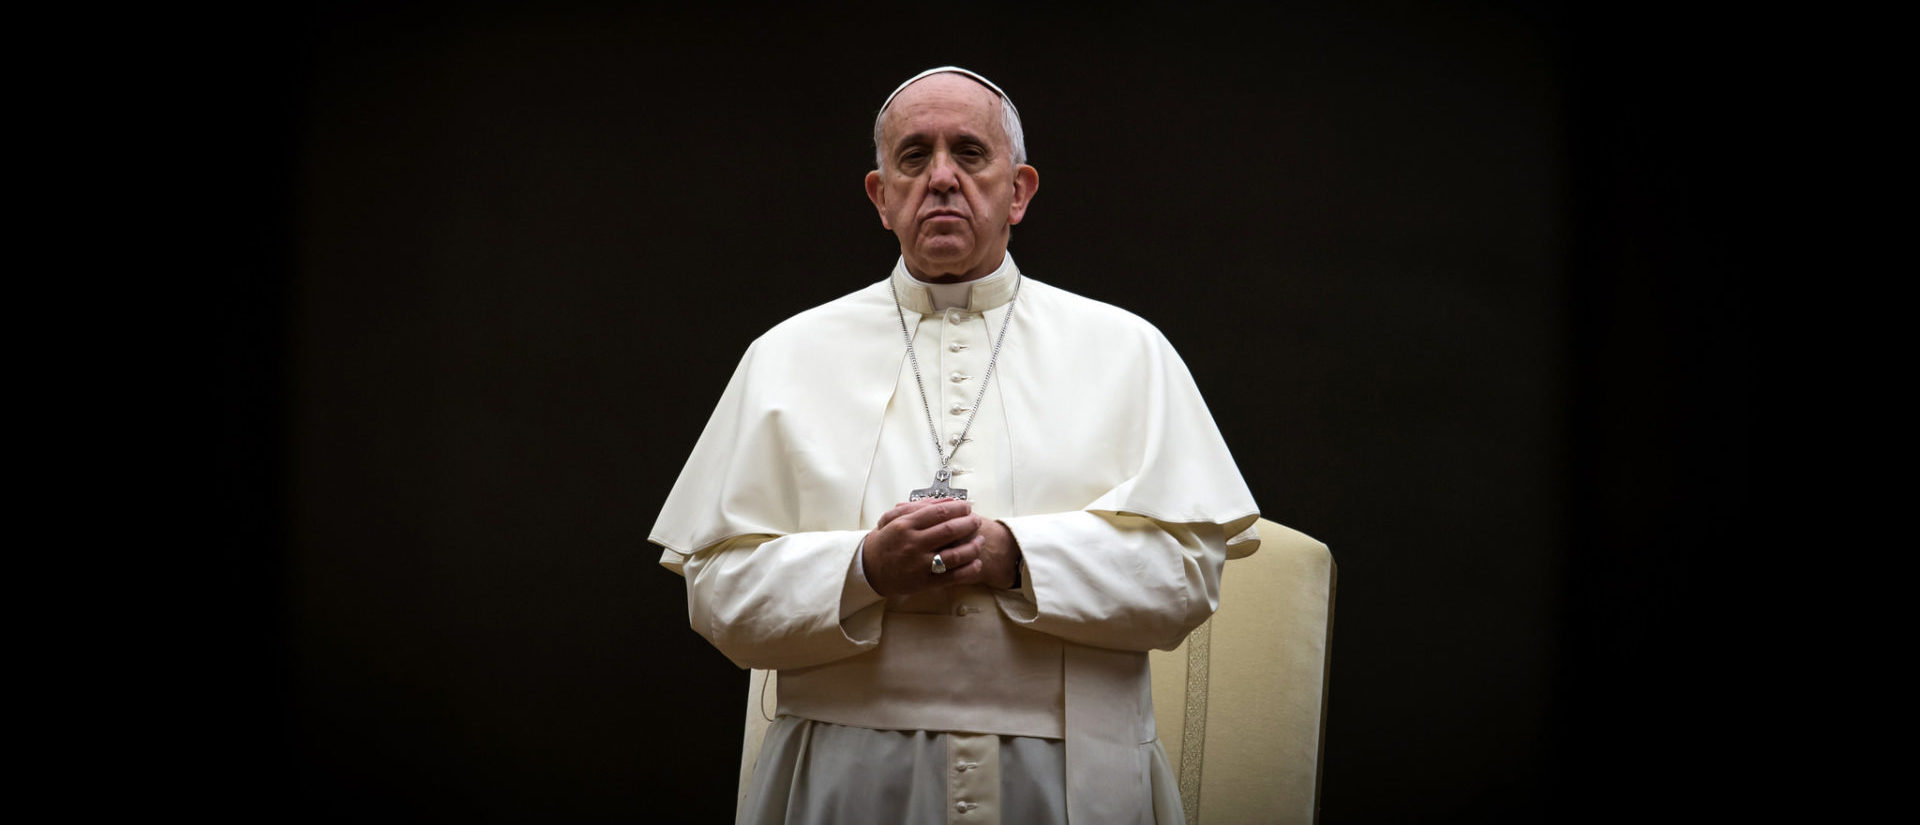 La lettre envoyée par les experts de l'ONU demande au Vatican de "cesser l'obstruction envers la justice dans les affaires d'abus sexuels sur mineurs | © Flickr/catholicisme
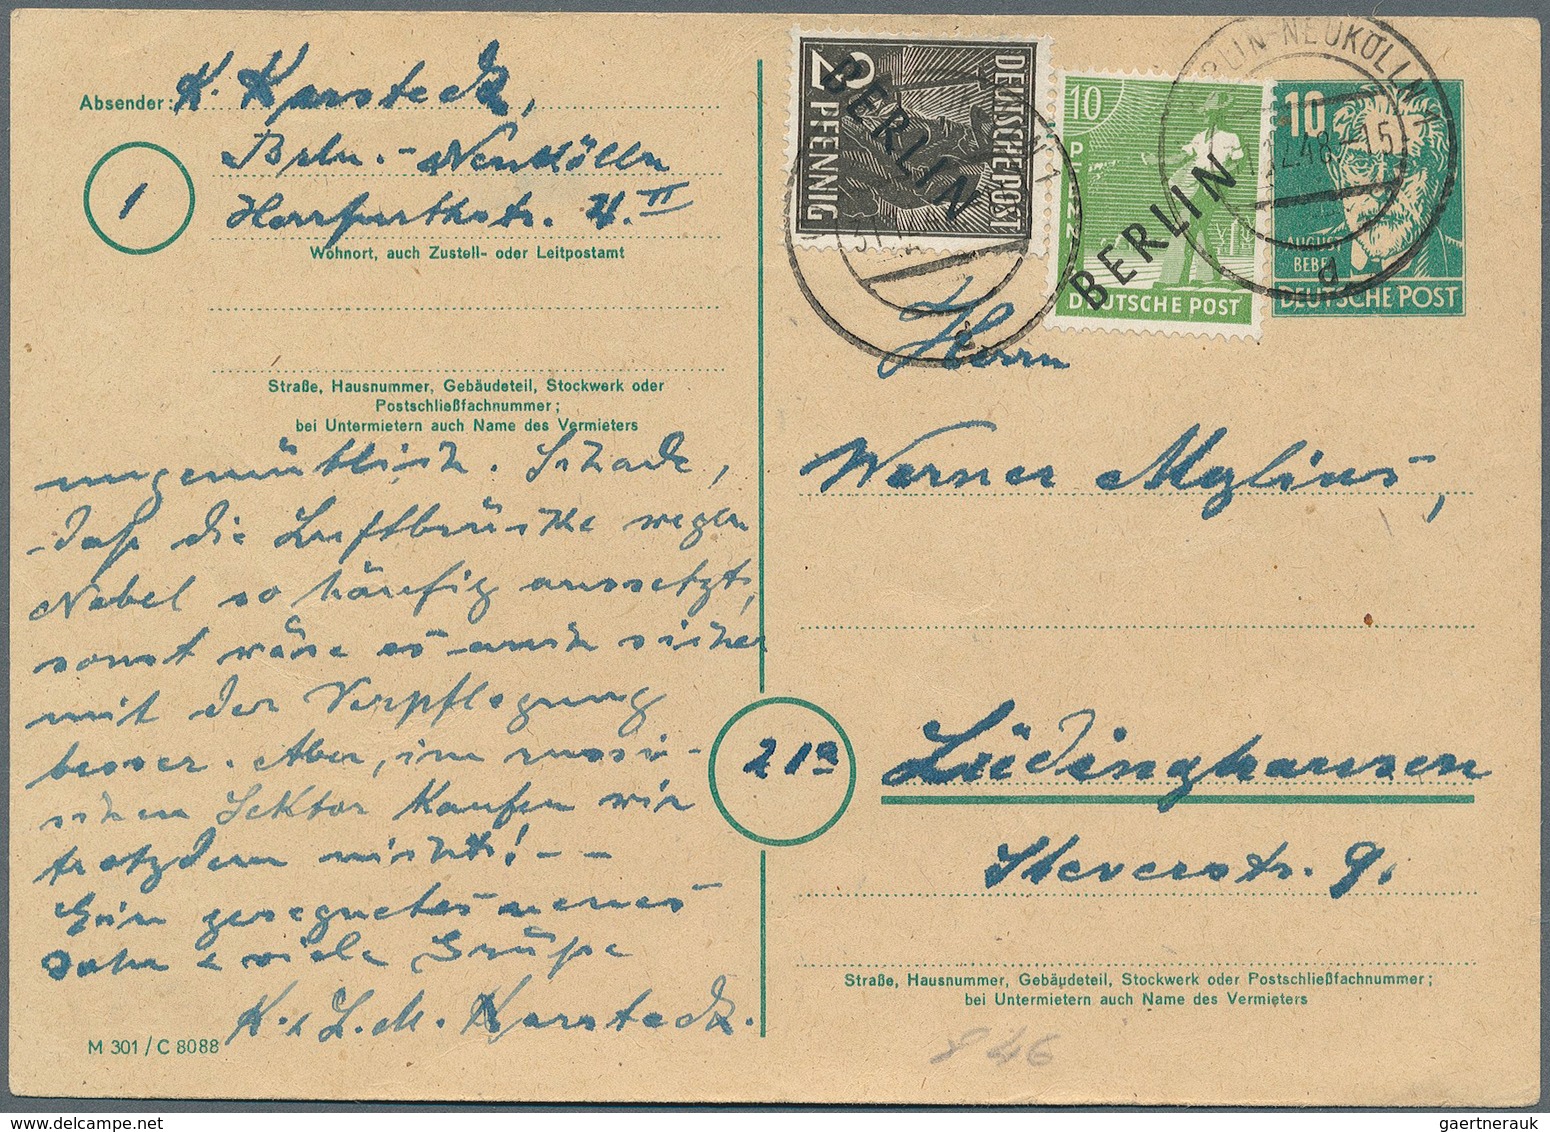 Deutschland: 1912/1945: interessante Partie Briefe und Ganzsachen, dabei ein leicht aufgerautes Hitl
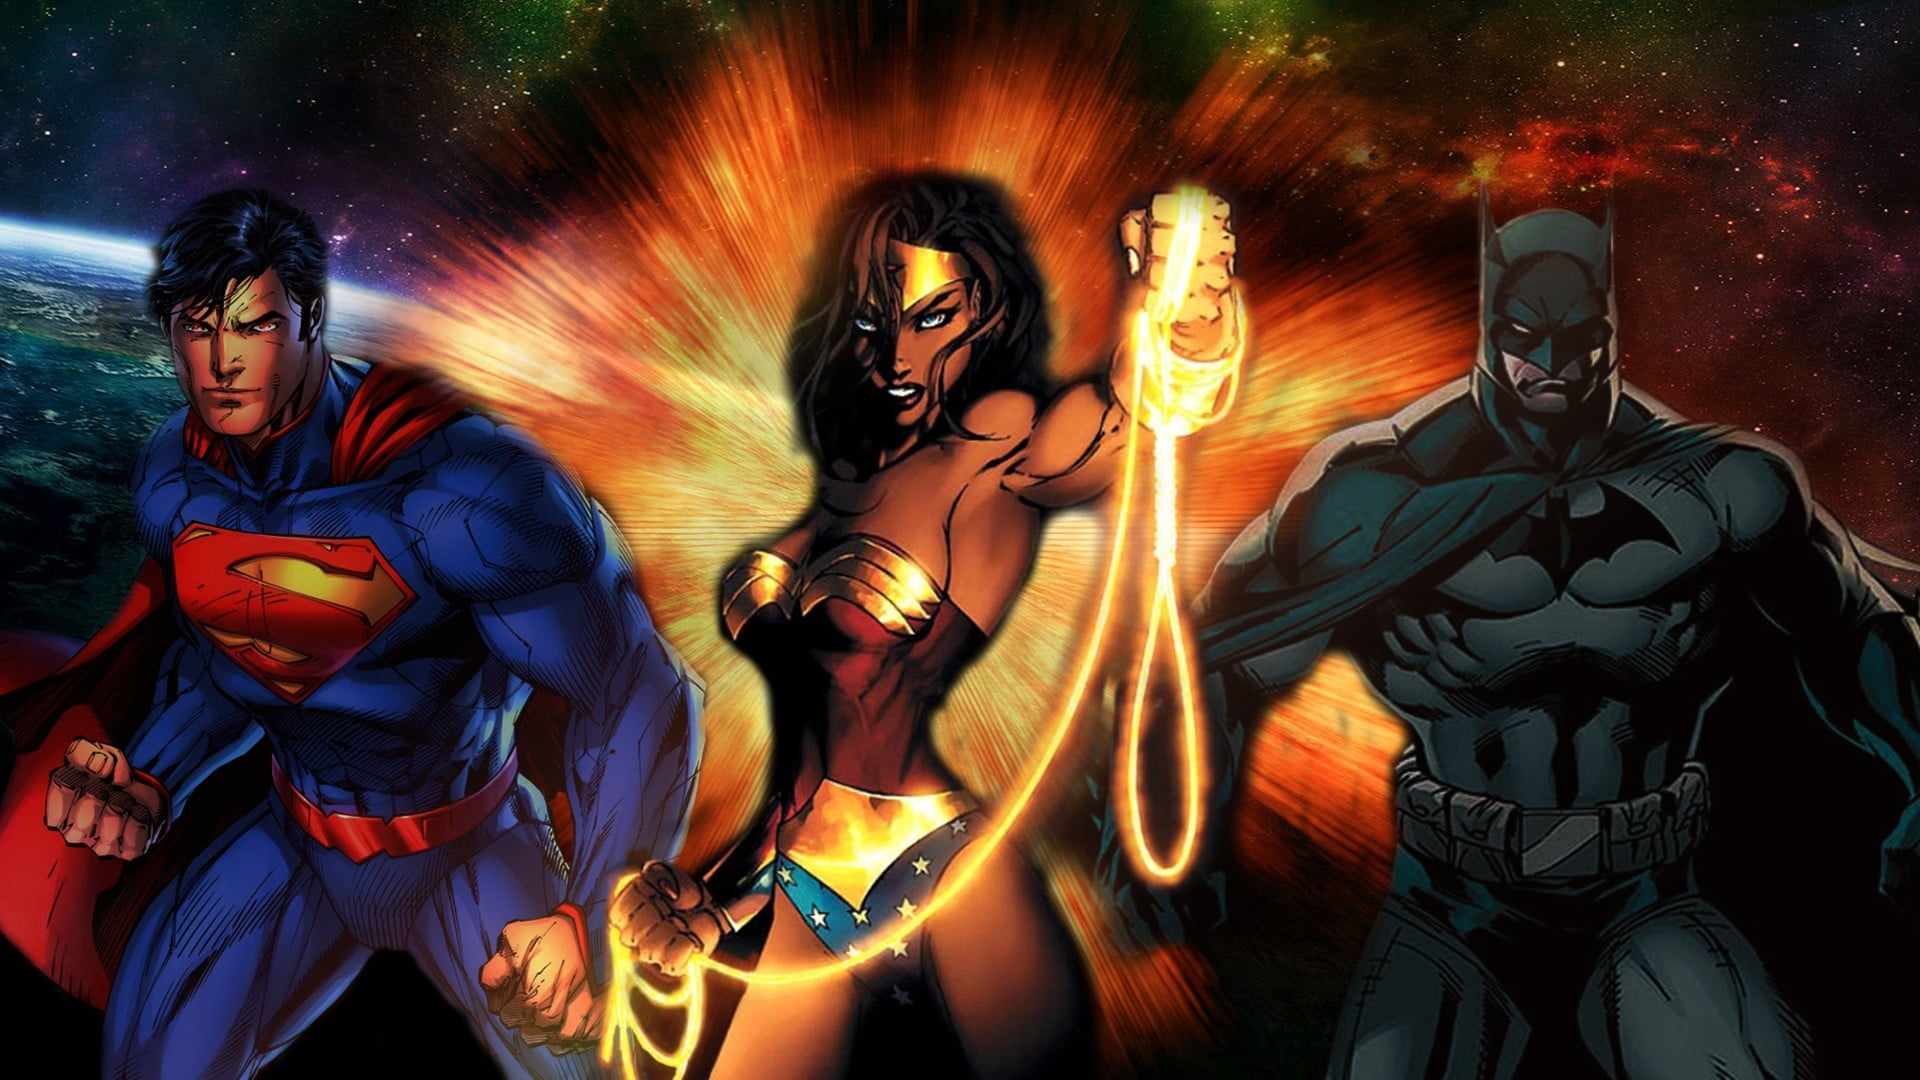 Superman, Wonder woman and Batman wallpaper, DC Comics, Justice League

◆ Assignment
Return the material above in exact form. Pictures stay out.

◆ Solved exercise
 La lettre envoyée par les experts de l'ONU demande au Vatican de "cesser l'obstruction envers la justice dans les affaires d'abus sexuels sur mineurs | © Flickr/catholicisme
 Deutschland: 1912/1945: interessante Partie Briefe und Ganzsachen, dabei ein leicht aufgerautes Hitl
 Superman, Wonder woman and Batman wallpaper, DC Comics, Justice League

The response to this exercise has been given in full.